The Emphasis on Jobs: For me, the only way out of the Economic Crisis is to create millions of jobs for youth! Enabling youth to become tax-payers – autonomous citizens, not dependent on families or the state for hand-outs – is the way to tackle the crisis. And to achieve that, youth need to be trained in the jobs that are seeking candidates – IT jobs, design and creative and media jobs; retrofitting houses, energy efficiency jobs – fish farming, eco-system management. There a myriad of fields in which young people can get, or create, their own jobs. And by doing so, they become tax-payers and so a constructive developer of the state, not a drain upon it.
Transition people: That transition has to start with every individual on the planet – especially the young. It was disheartening to me, trying to recruit European youth to the road to RIO+20 and finding that their only interest was cars – and which one they could afford. Electorates are likely to be like that: they will vote for the candidate who is going to supply the smoothest path to the car, the home and the wide-screen TV. There are communities who are resisting the siren calls to consumerist nirvanas – the Transition towns Movement is one of the best of them. And – as Tim Jackson points out in his excellent ‘Prosperity without Growth’ – sustainable communities like Transition Towns are likely to be much happier than their rat-race-driven neighbours.

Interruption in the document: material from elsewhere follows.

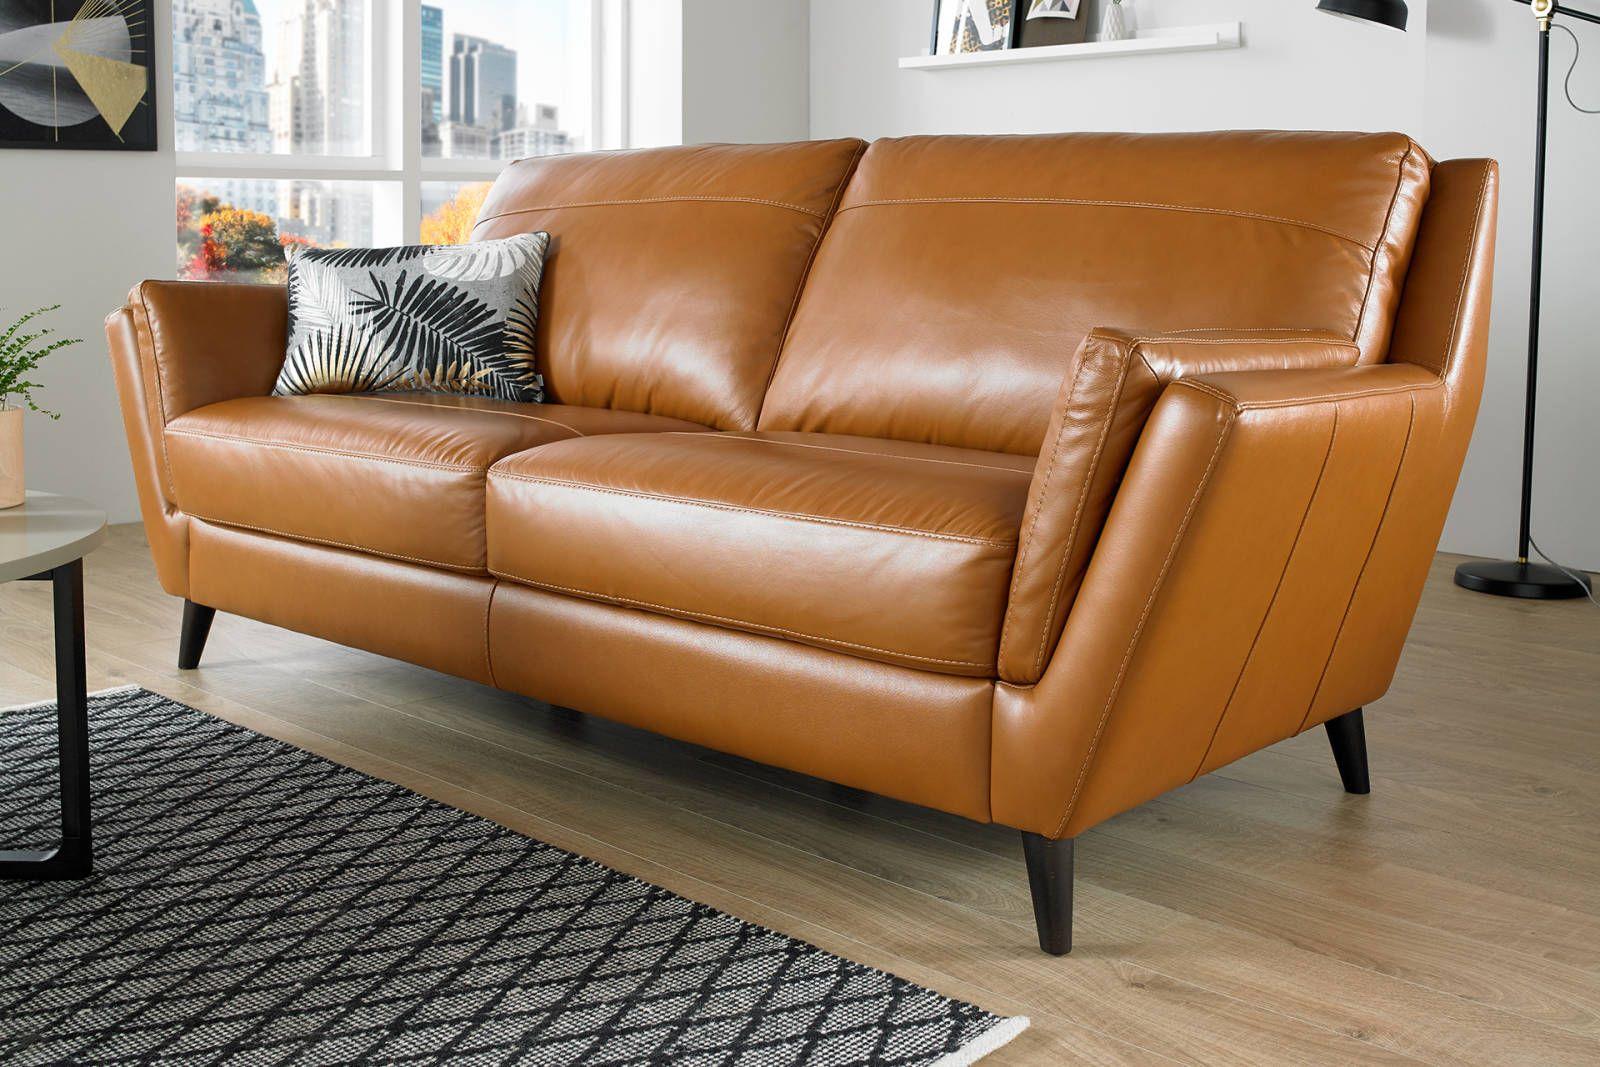 Outstanding Image Result For Leather Orange Brown Sofa Navy Living Spiritservingveterans Wood Chair Design Ideas Spiritservingveteransorg
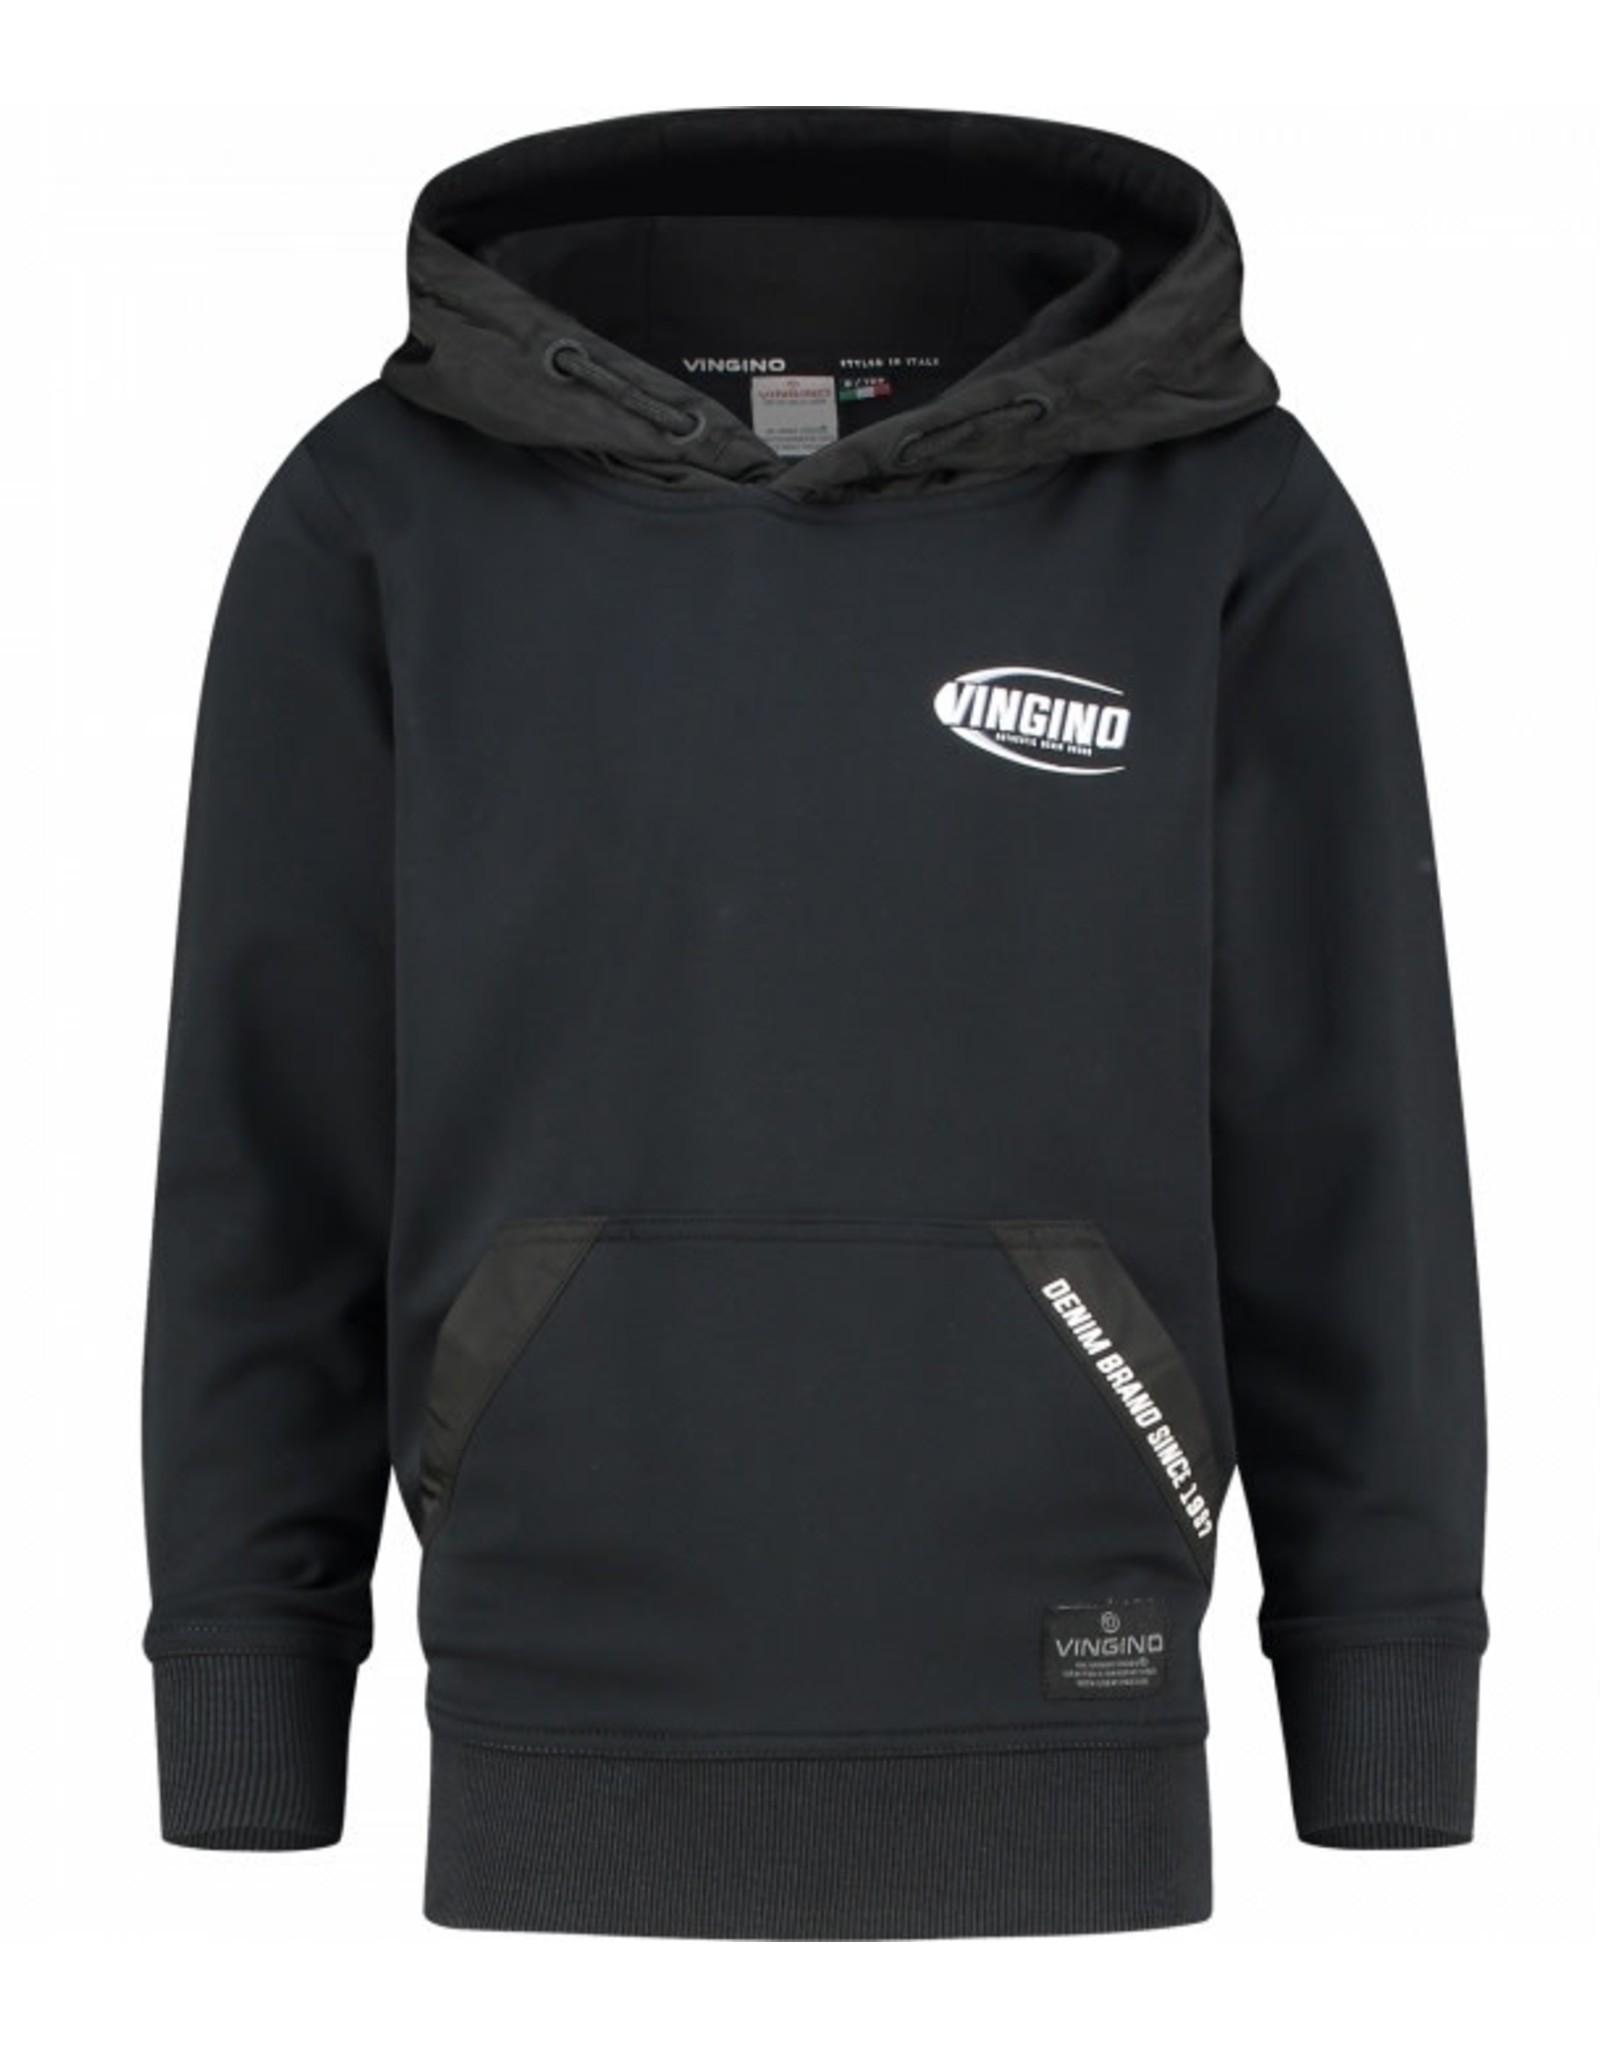 Vingino Nonano Sweater

The Opportunity: Rio+20 gives us an opportunity to come together, in our communities, in our families, in our nations to plan the next stage in human evolution: the move from the fossil fuel era to the era of sustainability. To pull it off requires considerable strength and collaboration to fight centuries of emphasis on competition. But that collaboration can – and must – start in our homes, in our own minds, and in our own aspirations. That is the central message of Rio+20: it must be a people-driven revolution, driven by the choices that thousands – millions of us – make in our schools, in our businesses, and in our supermarkets every hour of every day.